*** SOURCE MATERIAL
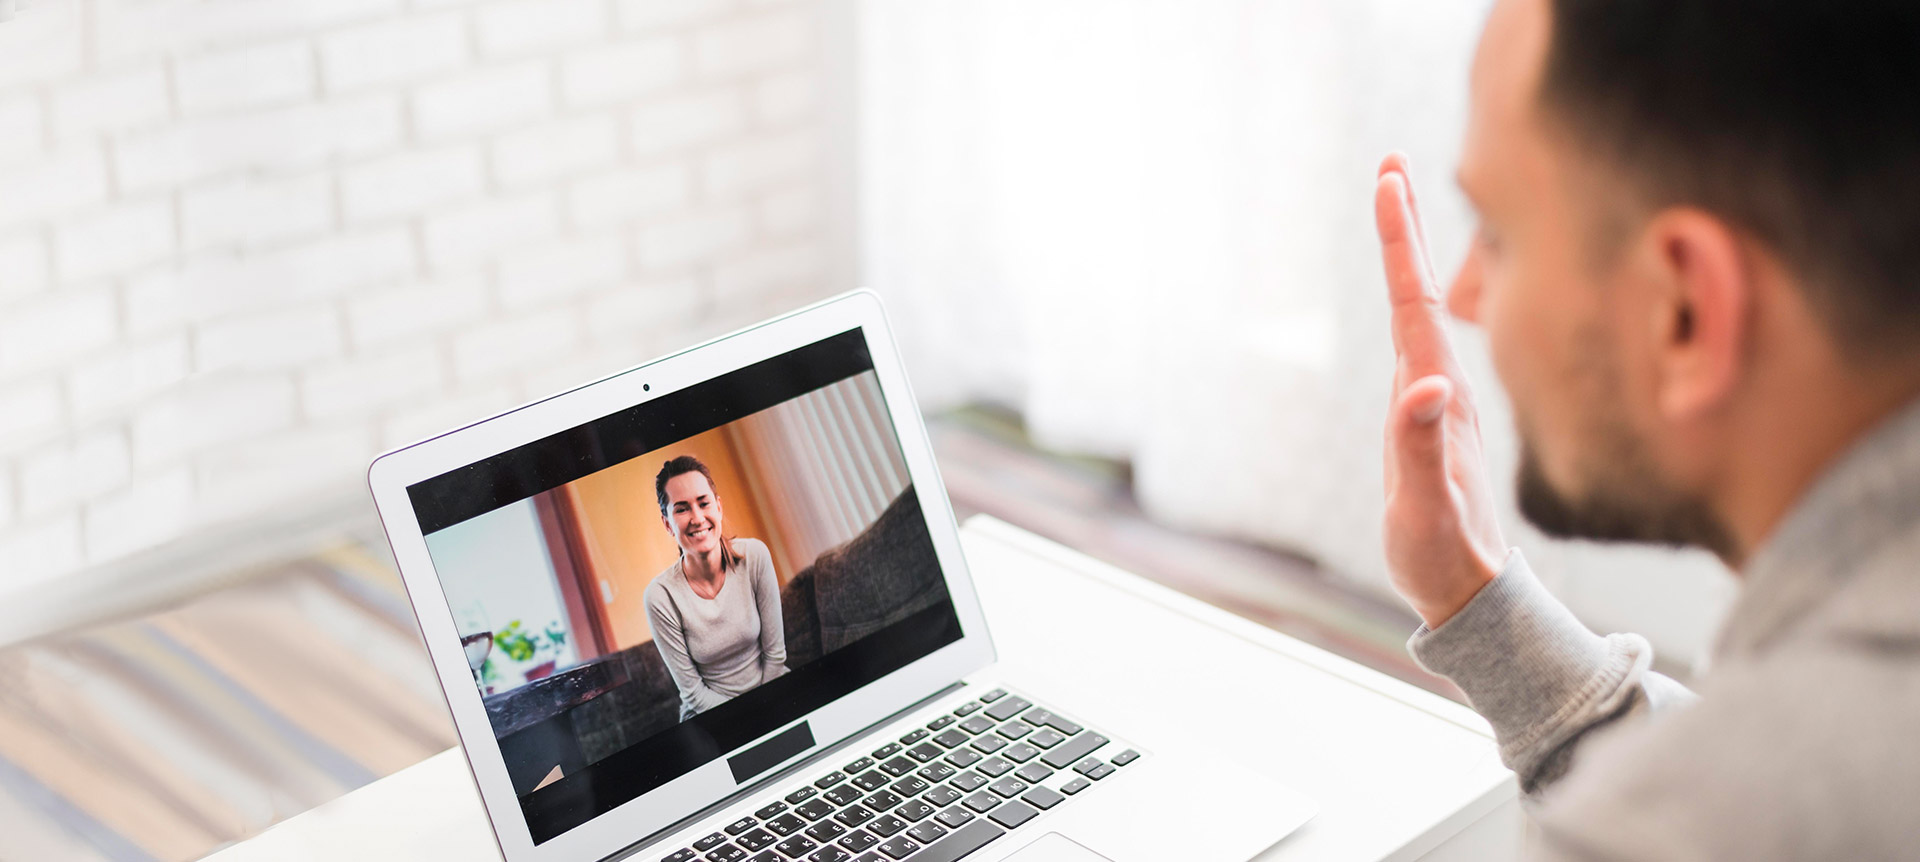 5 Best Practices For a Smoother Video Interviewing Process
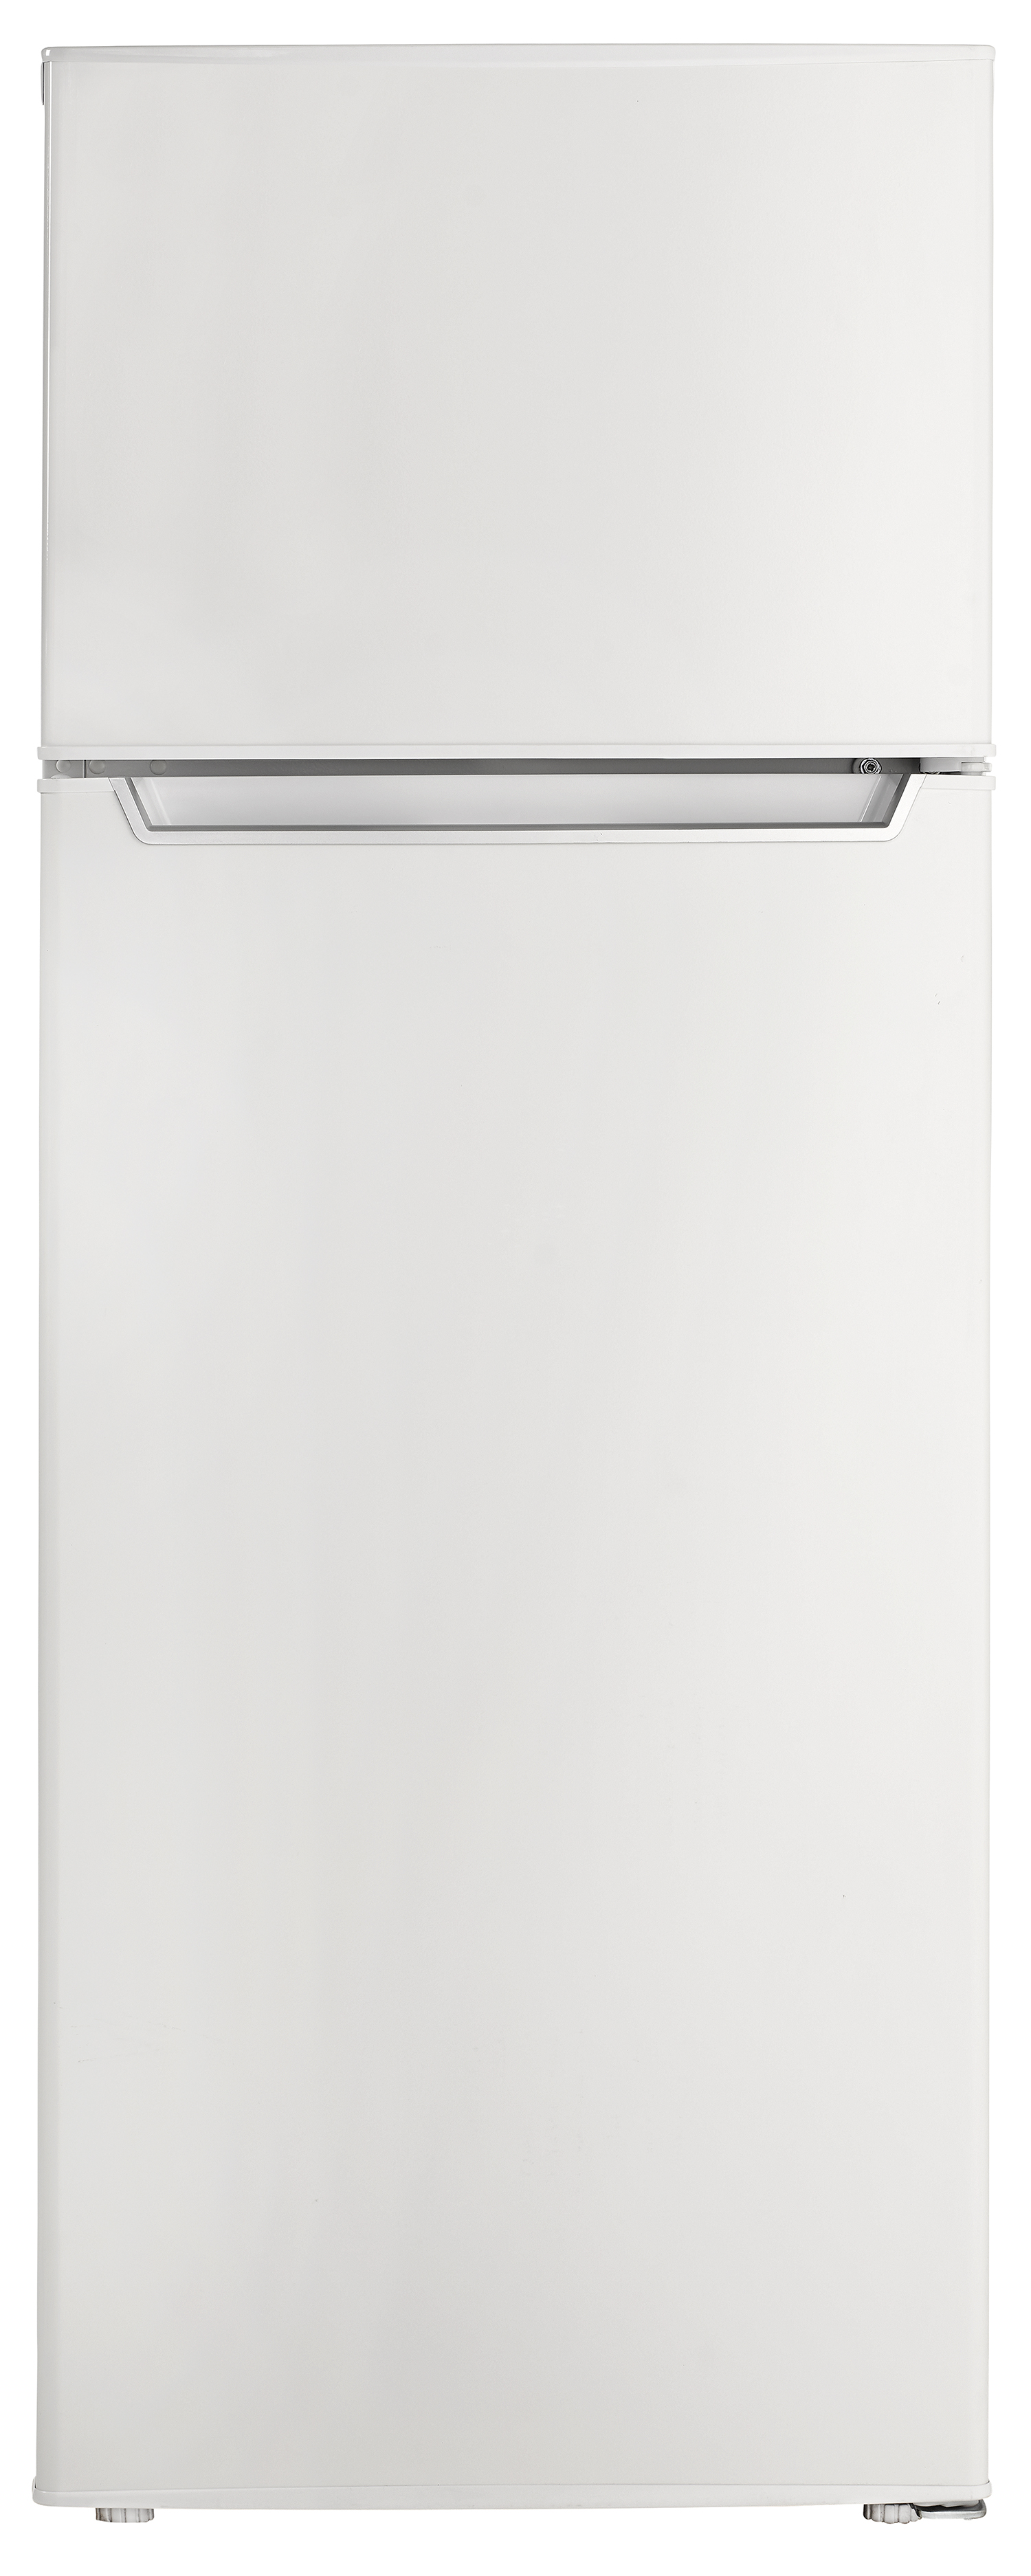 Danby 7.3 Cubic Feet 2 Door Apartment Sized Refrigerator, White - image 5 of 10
******
*** SOURCE MATERIAL
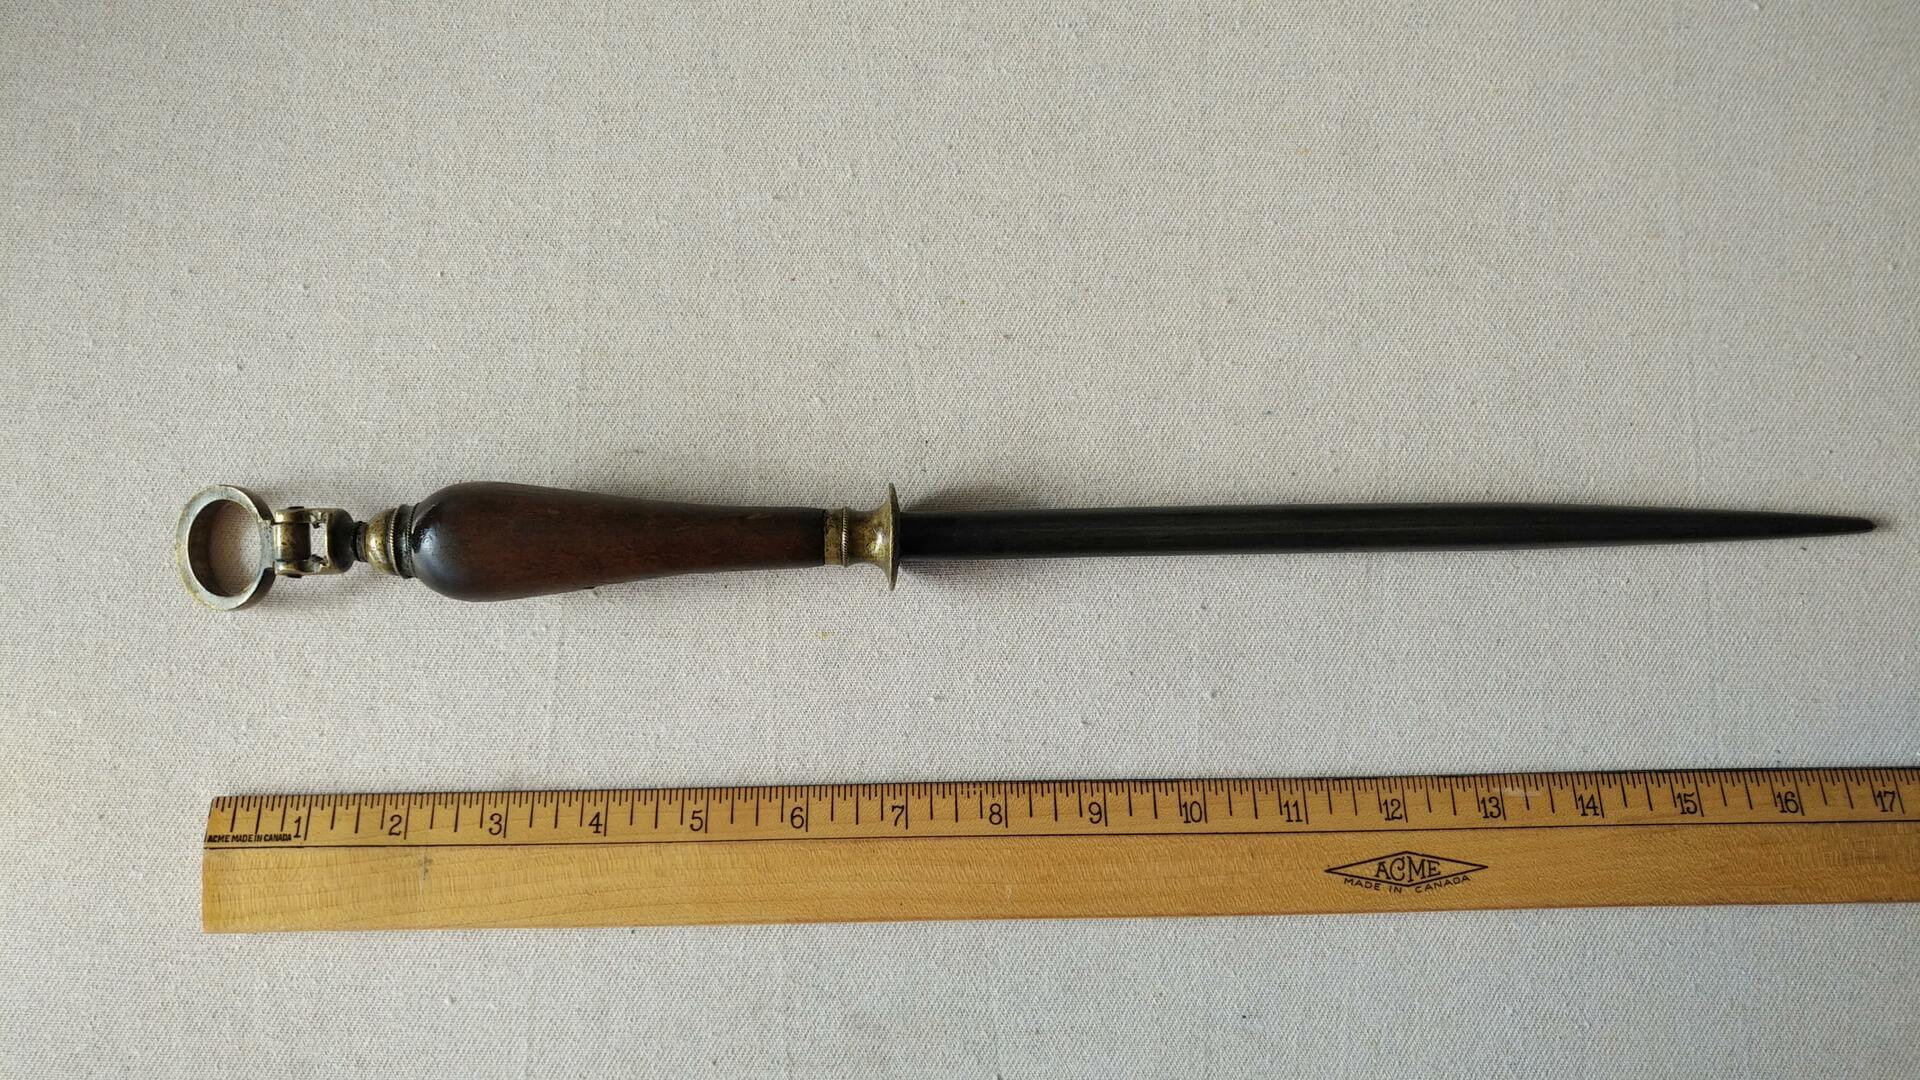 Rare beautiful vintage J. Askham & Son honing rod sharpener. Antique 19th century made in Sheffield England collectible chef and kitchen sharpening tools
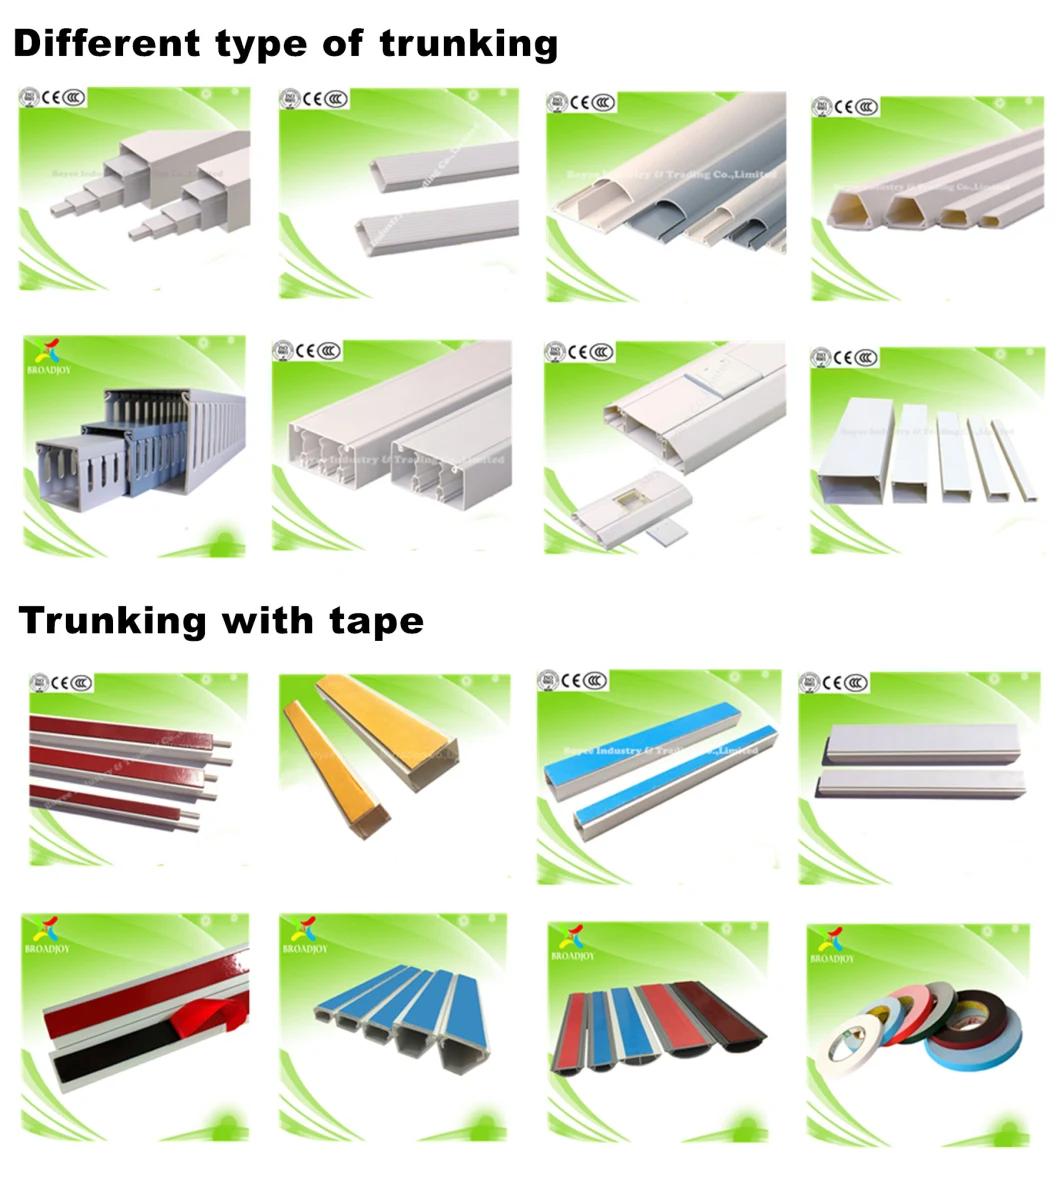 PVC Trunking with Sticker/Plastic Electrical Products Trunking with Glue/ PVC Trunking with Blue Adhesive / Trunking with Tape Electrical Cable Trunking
******
An exact copy is needed of the stretch above that opens with the line containing "5 Best Practices" and closes with the line containing "Danby 7.3 Cubic"; the pictures are not part of it.

 5 Best Practices For a Smoother Video Interviewing Process
 Danby 7.3 Cubic Feet 2 Door Apartment Sized Refrigerator, White - image 5 of 10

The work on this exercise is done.